Collection entries

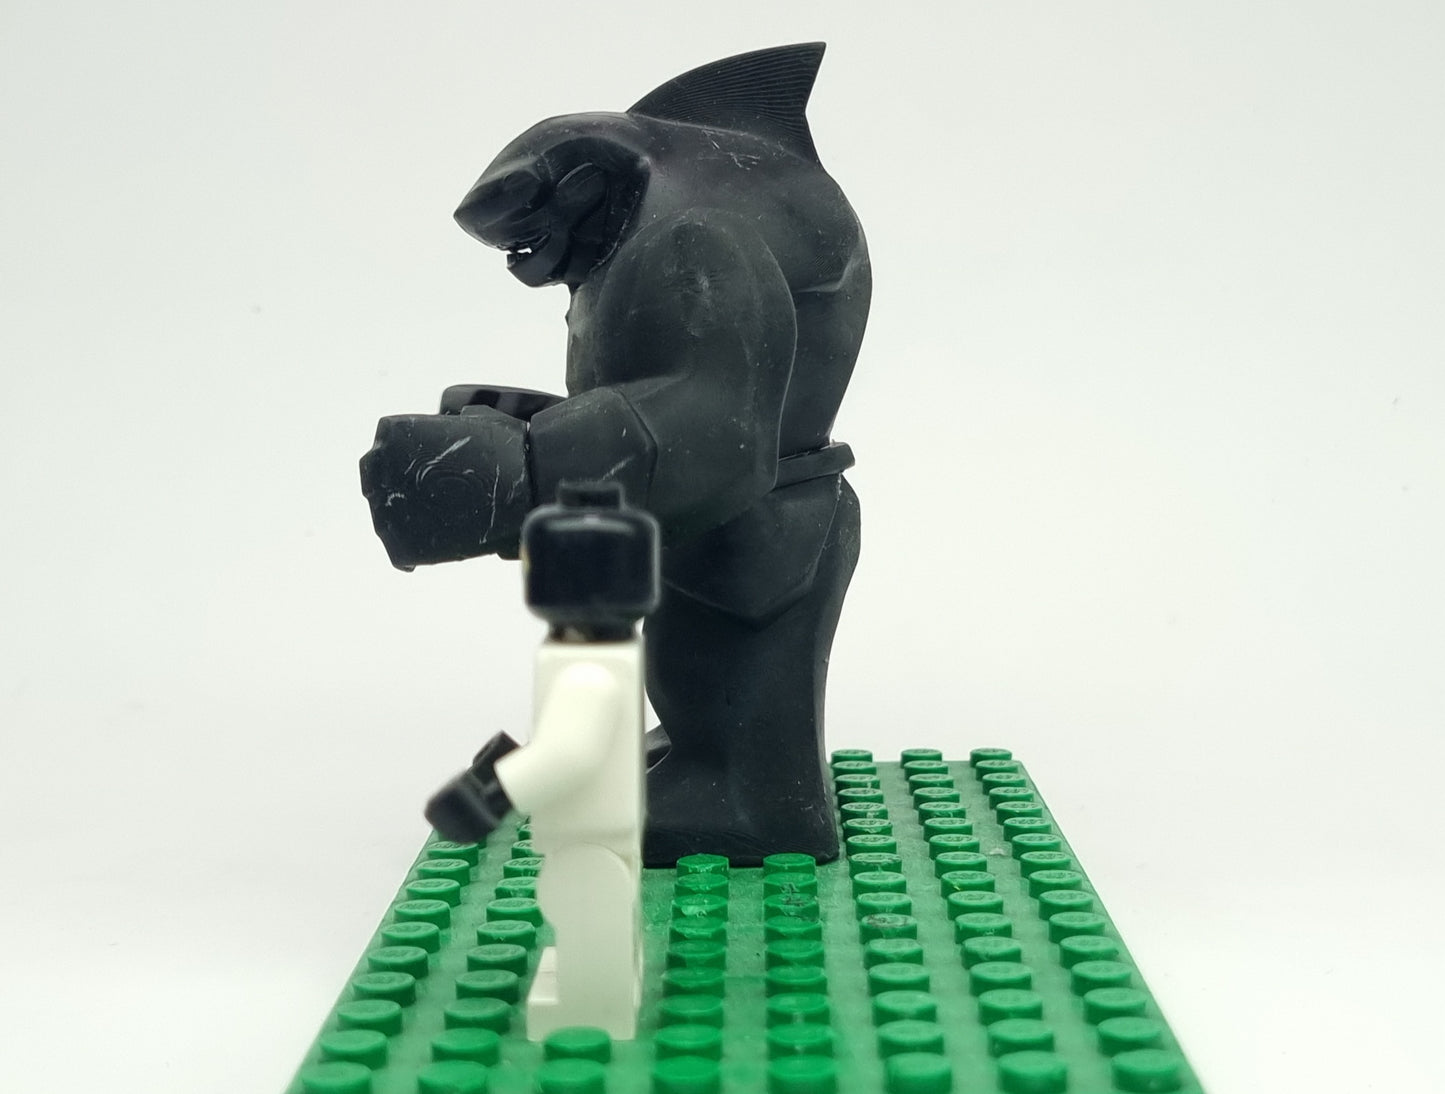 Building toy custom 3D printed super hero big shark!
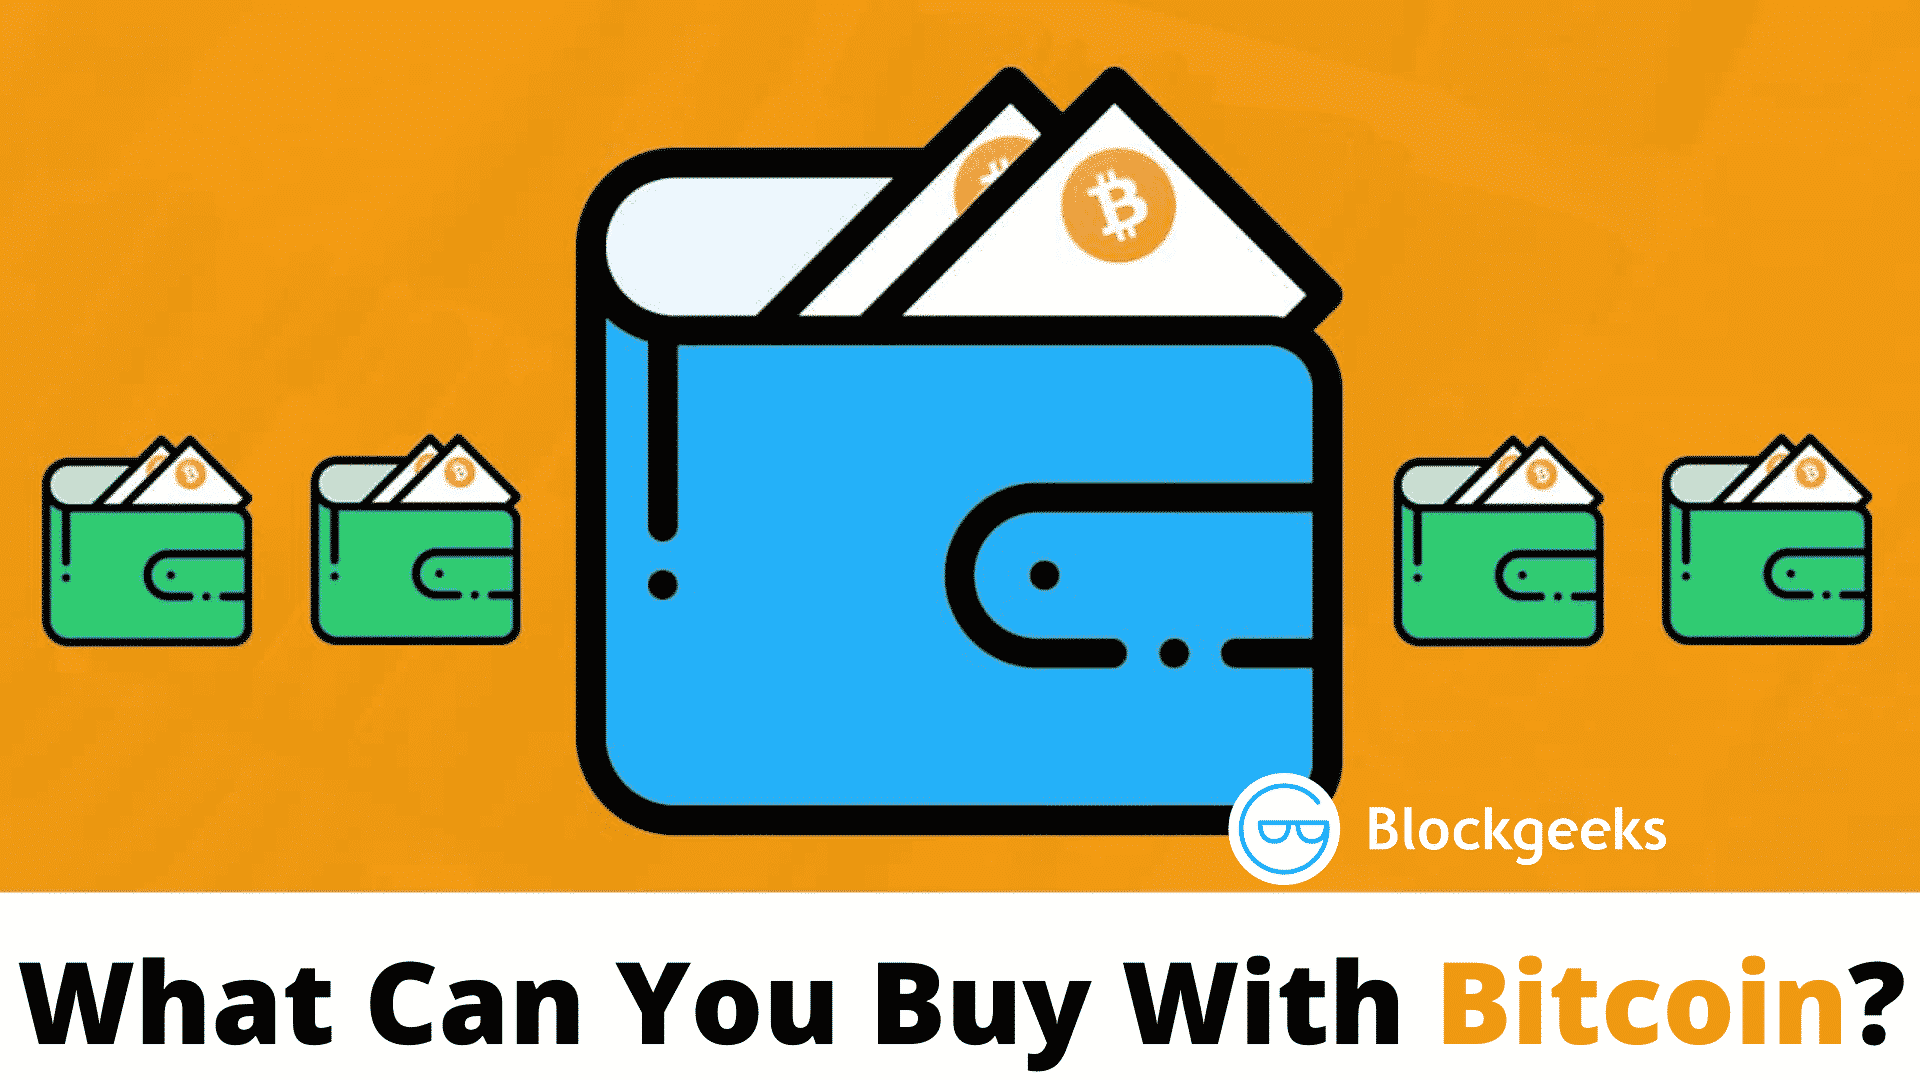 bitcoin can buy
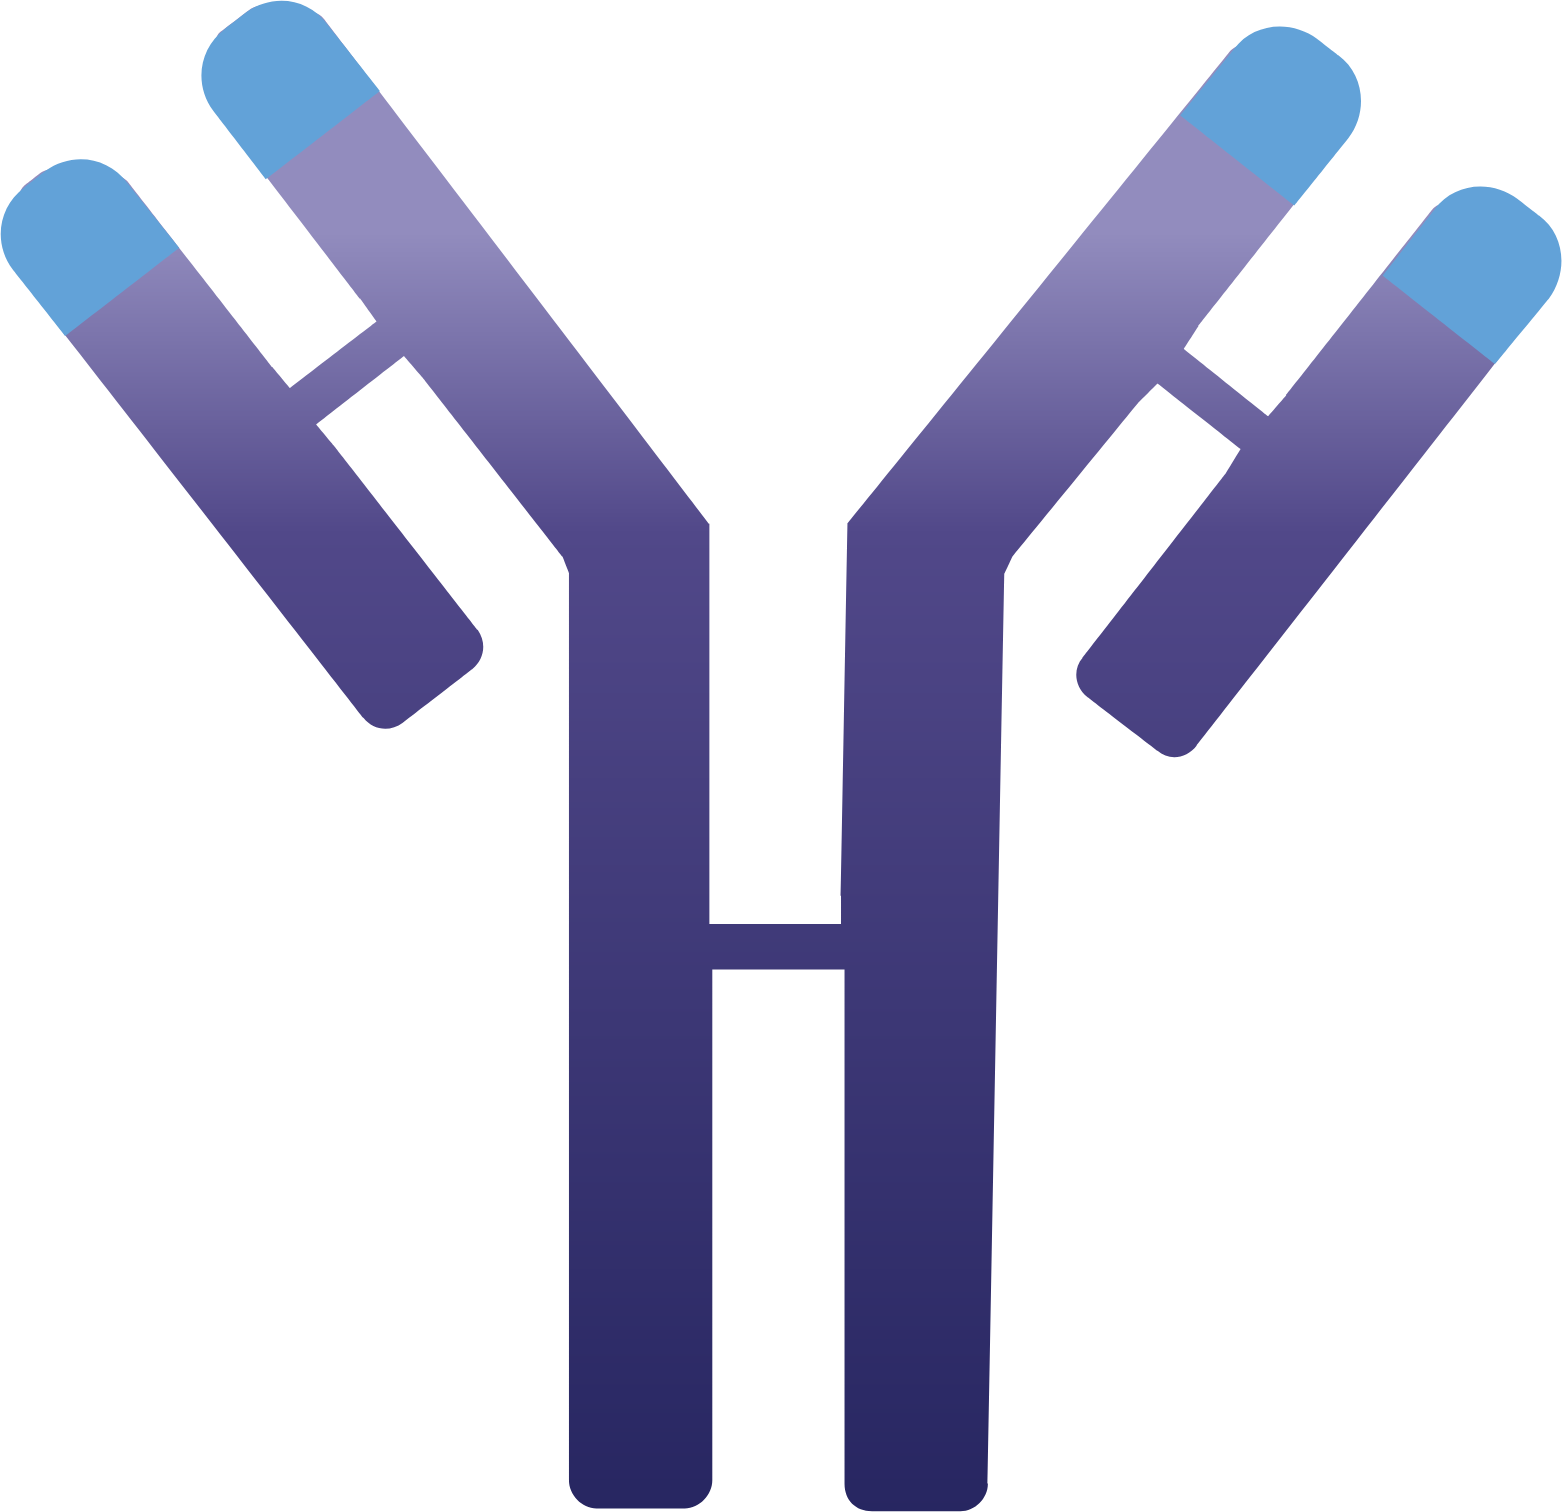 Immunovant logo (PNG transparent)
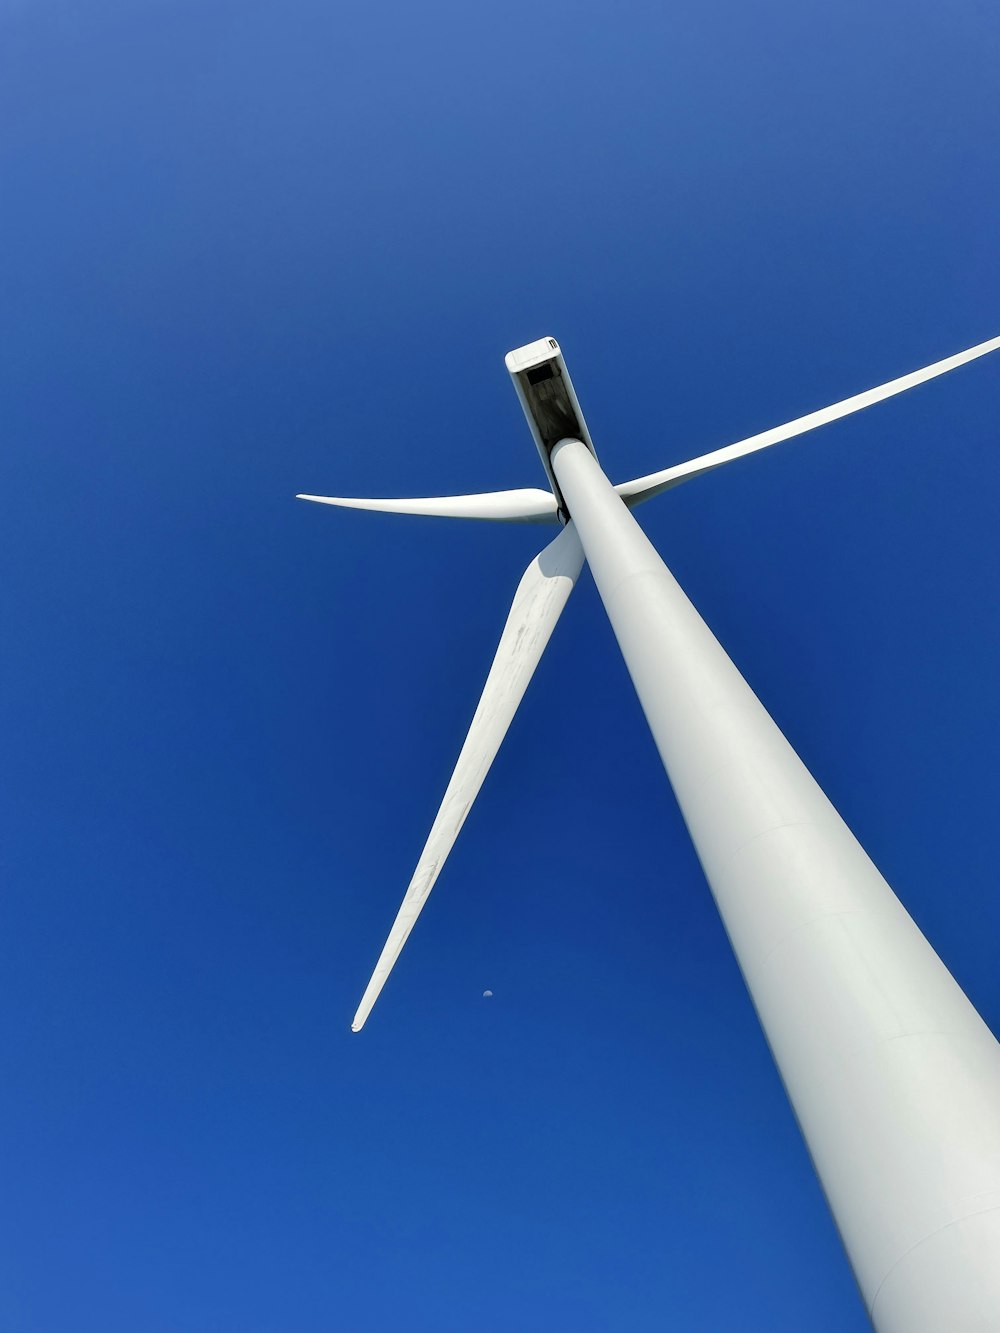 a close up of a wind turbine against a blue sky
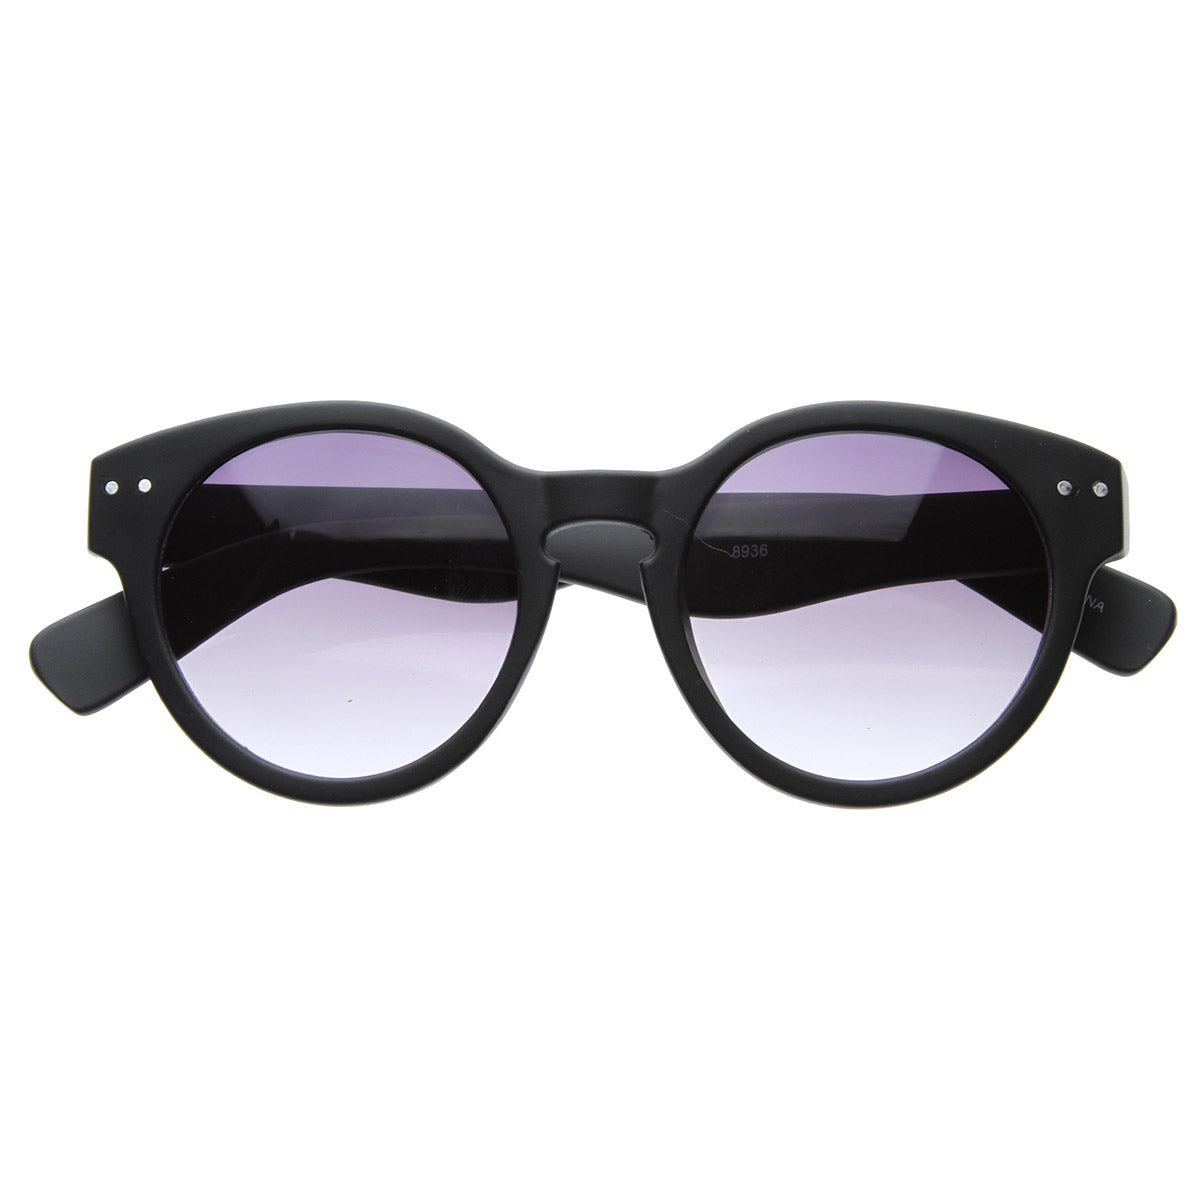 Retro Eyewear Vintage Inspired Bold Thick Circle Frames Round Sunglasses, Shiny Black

● **Exercise description**: Restate, word for word, the entries above, dropping any picture.

● **Solution**:
 Building toy custom 3D printed super hero big shark!
 bitcoin can buy
 Immunovant logo (PNG transparent)
 a close up of a wind turbine against a blue sky
 Retro Eyewear Vintage Inspired Bold Thick Circle Frames Round Sunglasses, Shiny Black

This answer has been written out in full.